= TASK ITEM =
Whenever a picture appears in the data, skip it and write out all other material exactly.

= DATASET EXTRACT =

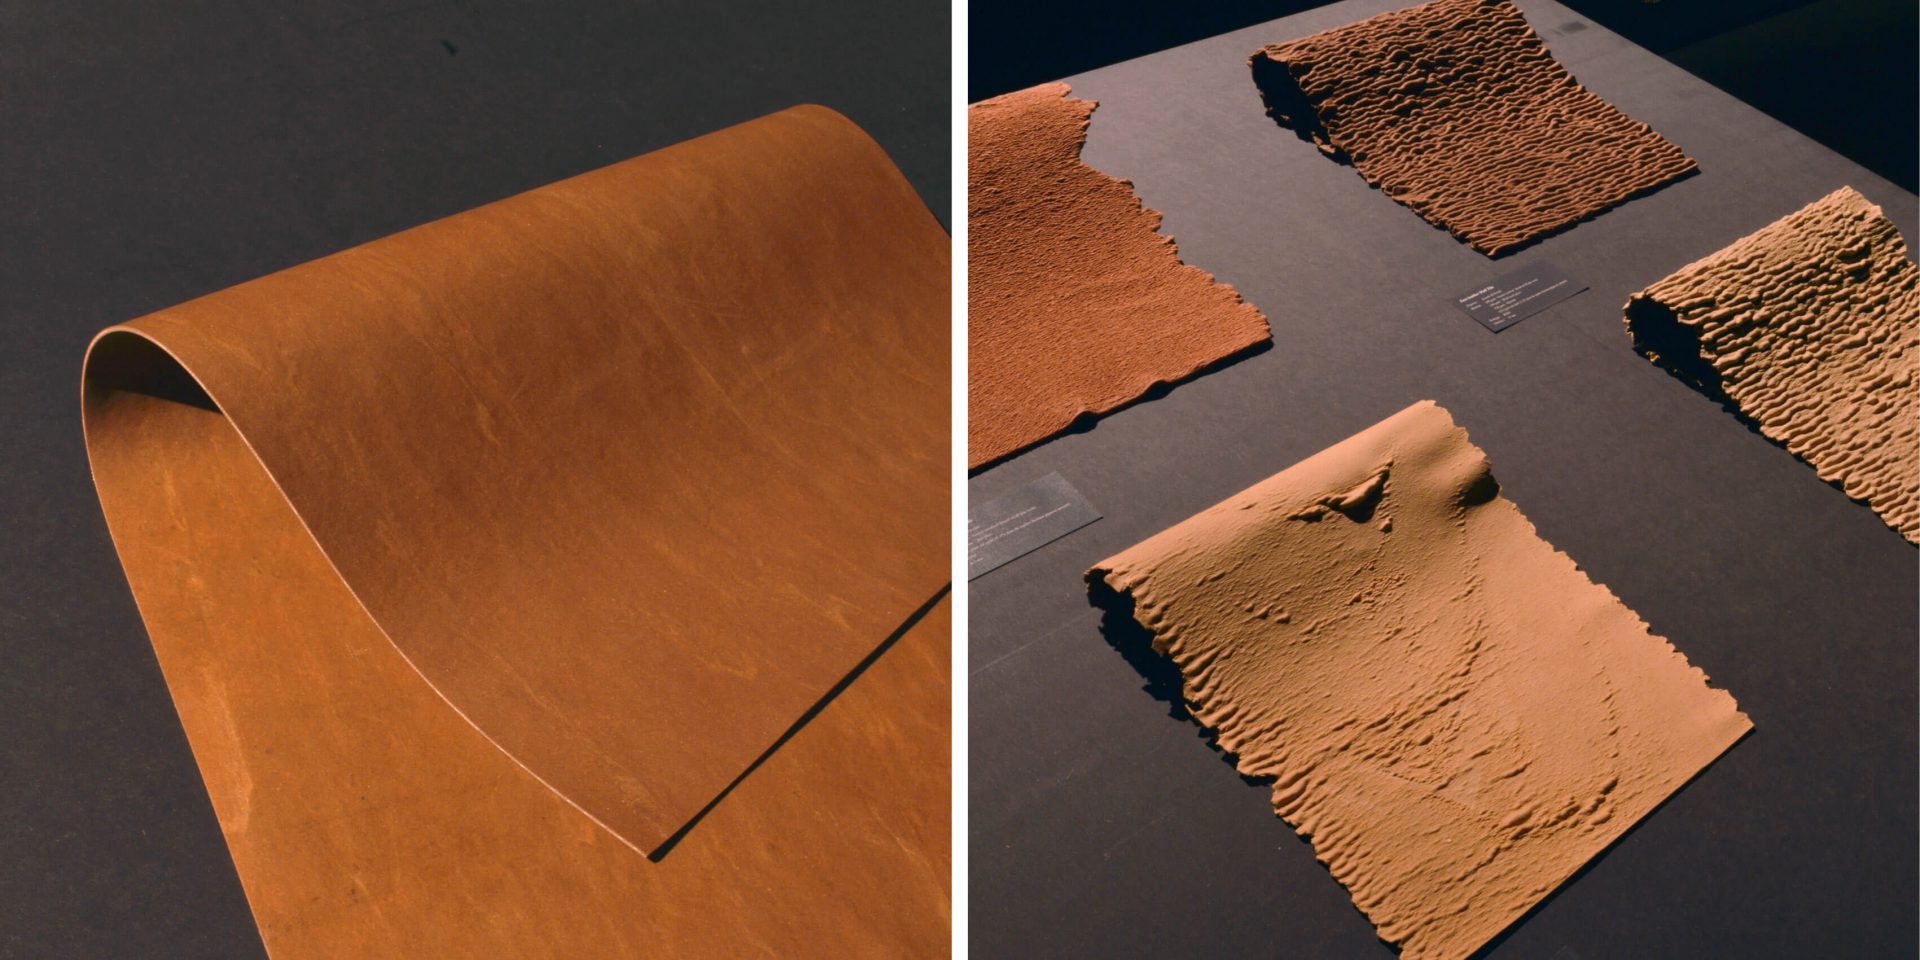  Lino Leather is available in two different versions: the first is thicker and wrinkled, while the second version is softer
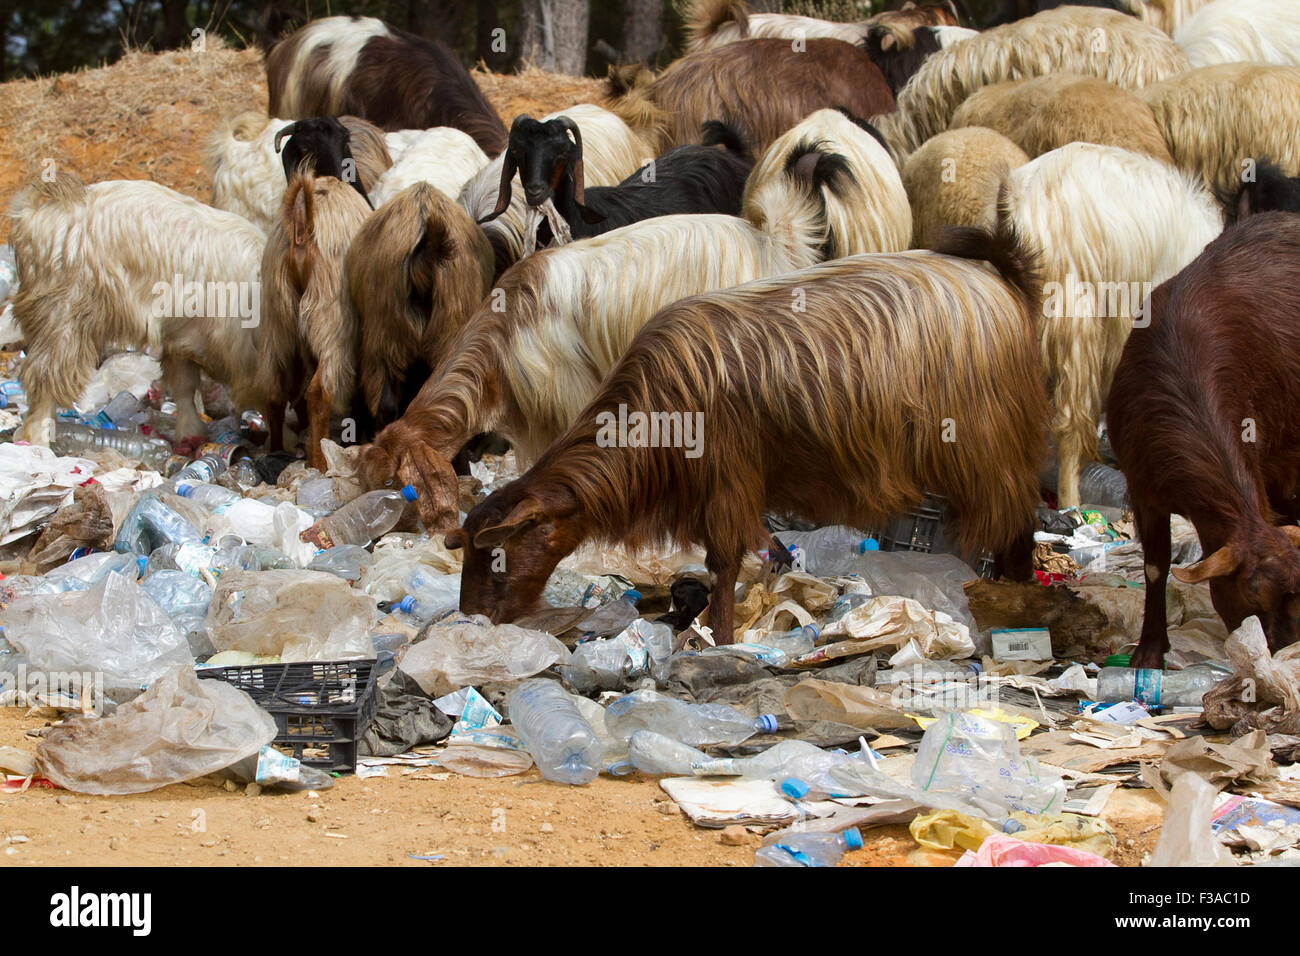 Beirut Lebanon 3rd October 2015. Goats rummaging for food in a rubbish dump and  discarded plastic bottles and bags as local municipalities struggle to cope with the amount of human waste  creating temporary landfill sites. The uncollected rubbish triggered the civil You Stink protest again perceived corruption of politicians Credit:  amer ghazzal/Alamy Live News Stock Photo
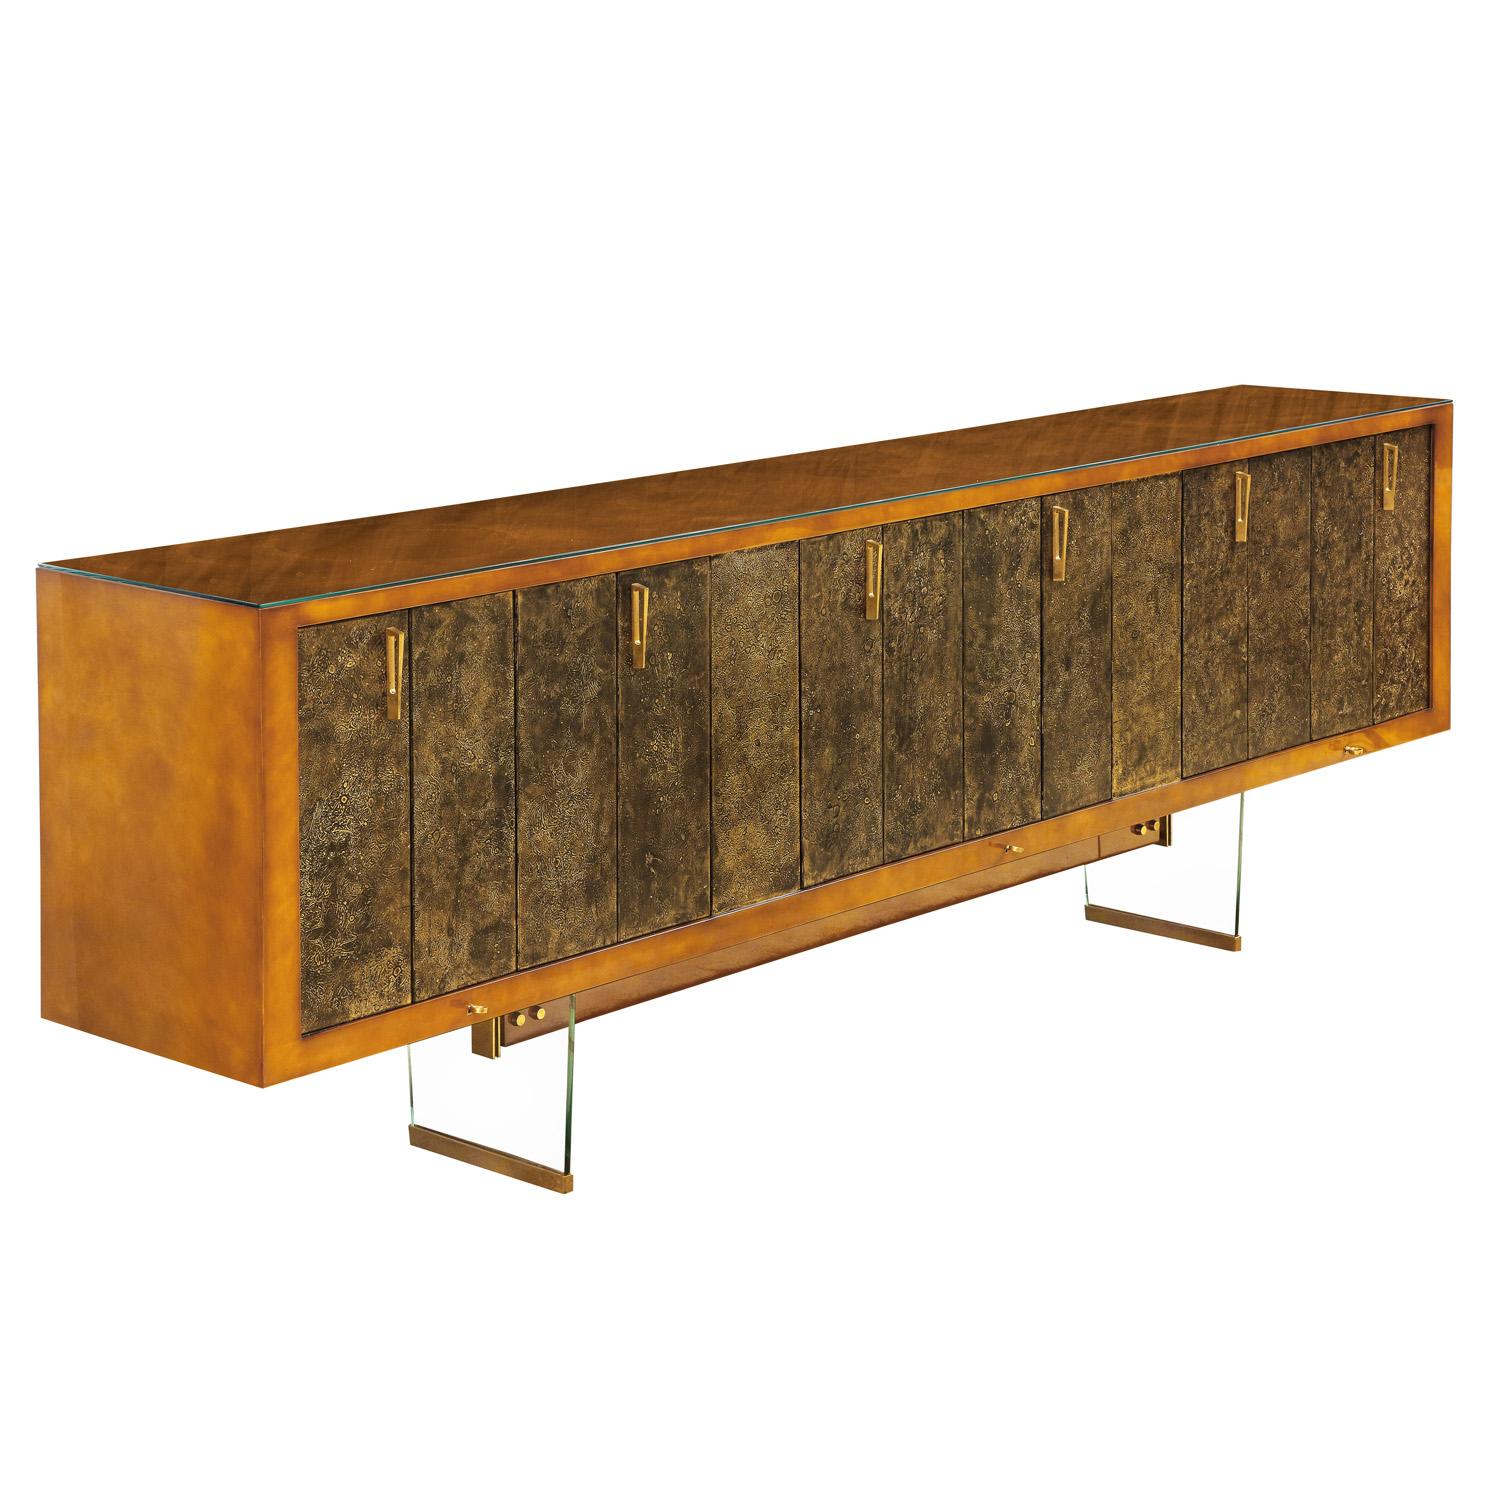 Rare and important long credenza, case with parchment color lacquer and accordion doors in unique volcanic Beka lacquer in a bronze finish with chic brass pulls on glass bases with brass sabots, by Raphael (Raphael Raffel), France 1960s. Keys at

= RESULT =
  Lino Leather is available in two different versions: the first is thicker and wrinkled, while the second version is softer
 Beirut Lebanon 3rd October 2015. Goats rummaging for food in a rubbish dump and  discarded plastic bottles and bags as local municipalities struggle to cope with the amount of human waste  creating temporary landfill sites. The uncollected rubbish triggered the civil You Stink protest again perceived corruption of politicians Credit:  amer ghazzal/Alamy Live News Stock Photo
 Rare and important long credenza, case with parchment color lacquer and accordion doors in unique volcanic Beka lacquer in a bronze finish with chic brass pulls on glass bases with brass sabots, by Raphael (Raphael Raffel), France 1960s. Keys at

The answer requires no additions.